We construct a client for the service using the entry point URL
with the query string `wsdl`.
[WSDL](https://en.wikipedia.org/wiki/Web_Services_Description_Language) stands for Web Service Description Language.
A request to the entry point URL with `?wsdl` appended causes the service to return
a description of the data that the service provides and the methods that it provides to
access those data.
The `suds.client.Client` constructor uses that information to build a client object for us
that provides the methods that the service supports.

In [3]:
client = Client(obs_url + '?wsdl')
print(client)


Suds ( https://fedorahosted.org/suds/ )  version: 0.6

Service ( ObservationsService ) tns="http://client.ws.shc.gc.ca"
   Prefixes (3)
      ns0 = "http://client.ws.shc.gc.ca"
      ns1 = "http://schemas.xmlsoap.org/soap/encoding/"
      ns2 = "http://wds.dfo.gc.ca"
   Ports (1):
      (observations)
         Methods (13):
            getBoundaryDate()
            getBoundaryDepth()
            getBoundarySpatial()
            getDataInfo()
            getInfo()
            getLocalizedString(xs:string in0, ArrayOf_xsd_anyType in1)
            getMetadata()
            getMetadataInfo()
            getName()
            getResourceBundle()
            getStatus()
            getVersion()
            search(xs:string dataName, xs:double latitudeMin, xs:double latitudeMax, xs:double longitudeMin, xs:double longitudeMax, xs:double depthMin, xs:double depthMax, xs:string dateMin, xs:string dateMax, xs:int start, xs:int sizeMax, xs:boolean metadata, xs:string metadataSelection, xs:string 

Now we can ask the service to tell us about the data it has available:

In [4]:
client.service.getDataInfo()

[(Metadata){
    name = "wl"
    value = "Water levels at the SINECO stations"
  }, (Metadata){
    name = "sal"
    value = "Salinity at the SINECO stations"
  }, (Metadata){
    name = "temp"
    value = "Temperature at the SINECO stations"
  }, (Metadata){
    name = "atm_pres"
    value = "Atmospheric pressure at the SINECO stations"
  }]

**Spoiler Alert:** The salinity, temperature, and atmospheric pressure data items look exciting
but it turns out that they are not available for the BC stations :-(

We can also ask the service for its metadata:

In [5]:
metadata = client.service.getMetadata()
print(metadata)

[(Metadata){
   name = "station_id_list"
   value = "01970,02330,02780,02985,03057,03075,03100,03110,03248,03280,03300,03335,03345,03353,03360,03365,03424,07277,07594,07654,07735,07786,07917,08408,08976,09338,09341,09348,09354,09850,15330,15520,15540,15660,15780,15930,15975,16005"
 }, (Metadata){
   name = "station_id_position"
   value = "[01970,47.378861,-61.857293][02330,48.997,-64.3805][02780,50.194833,-66.376833][02985,48.478333,-68.513667][03057,47.448833,-70.3655][03075,47.0895,-70.710833][03100,46.9965,-70.808167][03110,46.858167,-71.003333][03248,46.811111,-71.201944][03280,46.6965,-71.572833][03300,46.68116667,-71.877167][03335,46.561,-72.105833][03345,46.500333,-72.245833][03353,46.400333,-72.3795][03360,46.3405,-72.539167][03365,46.2725,-72.619333][03424,48.126333,-69.72975][07277,48.653601,-123.451646][07594,49.105896,-123.303368][07654,49.200077,-122.910377][07735,49.289554,-123.107339][07786,49.340556,-123.231978][07917,49.162788,-123.923523][08408,50.722505,-127.488214]

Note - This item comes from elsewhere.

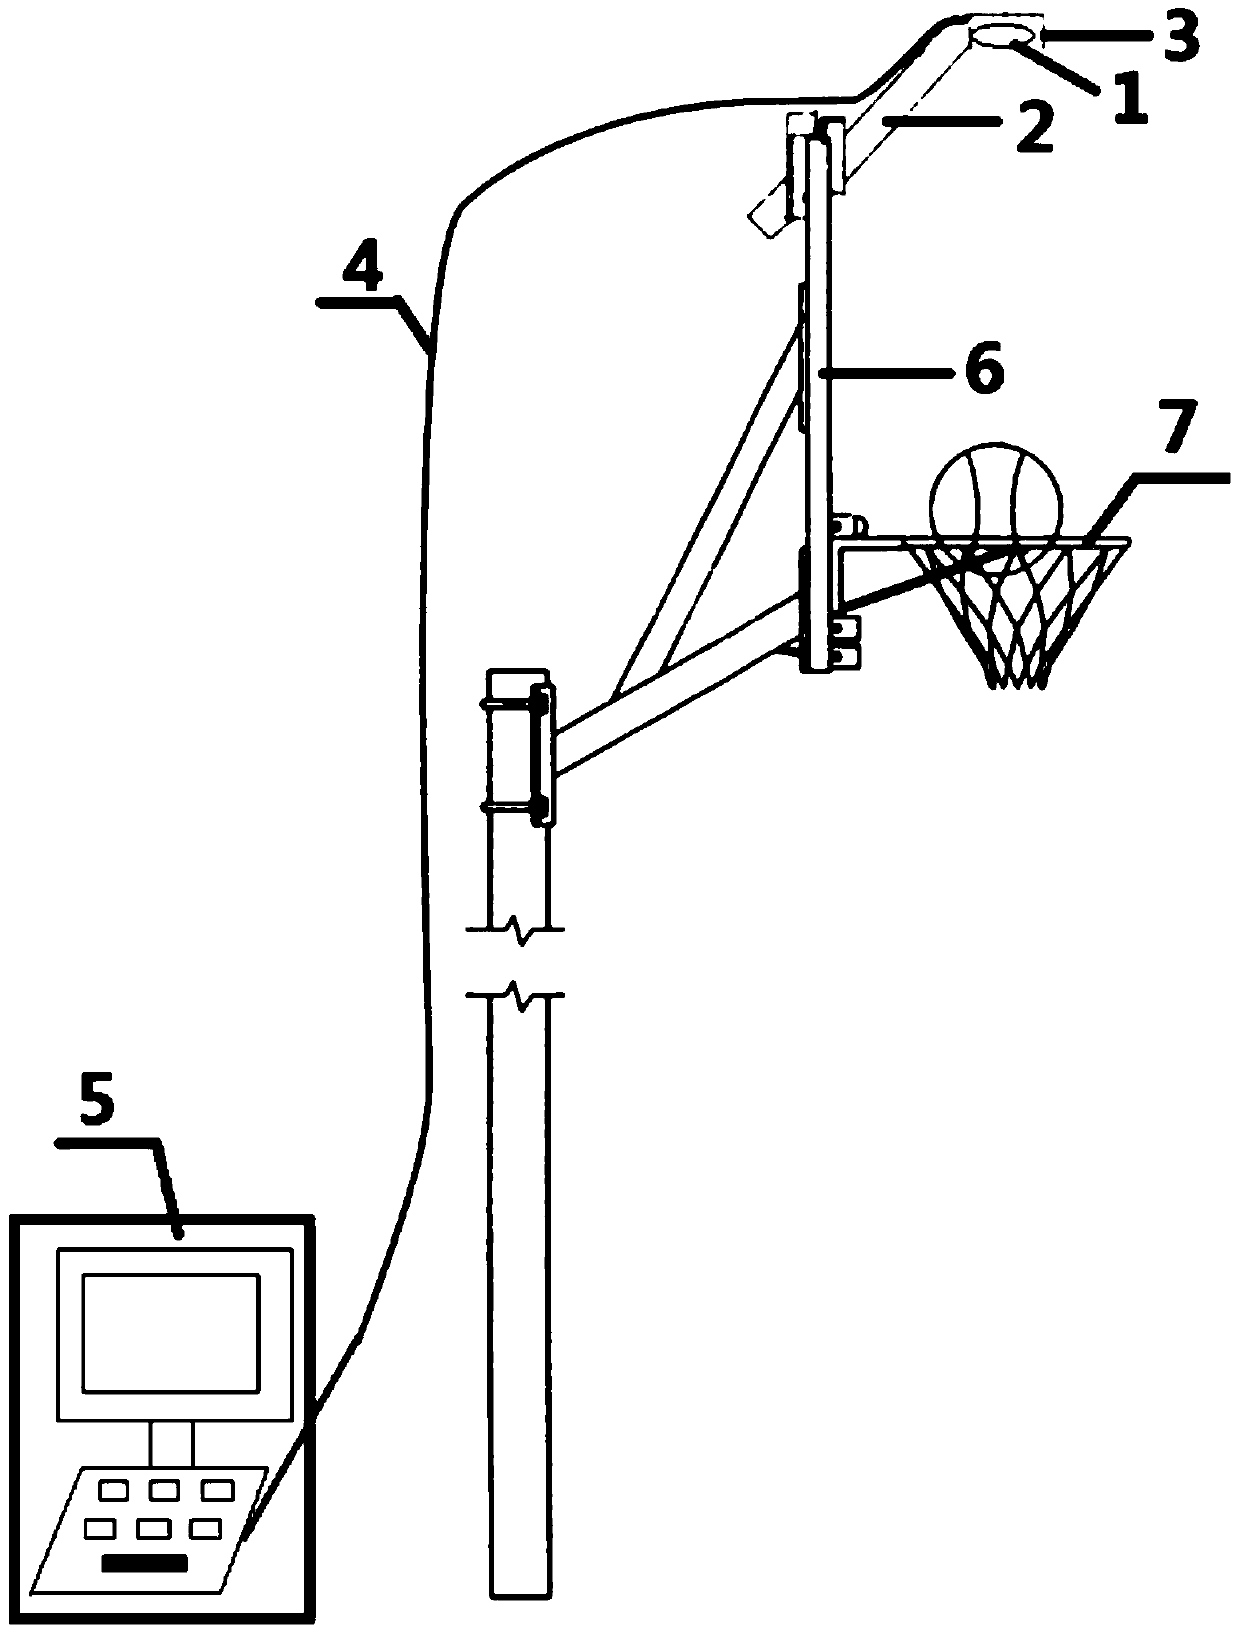 A shot counting method based on a shot counting device

`getMetadata()` returns a list of `Metadata` objects,
each of which has `name` and `value` attributes.

Let's summarize the metadata down to each `Metadata` object's
index in the list, and its `name`:

In [6]:
for index, item in enumerate(metadata):
    print(index, item.name)

0 station_id_list
1 station_id_position
2 contact
3 language
4 name
5 abstract
6 reference_date
7 station_id_name_list
8 metadata_selection_accepted
9 max_rows
10 total_nbr_obs


Now let's extract the station ids and names of the BC stations:

In [8]:
from collections import namedtuple

Station = namedtuple('Station', 'id, name')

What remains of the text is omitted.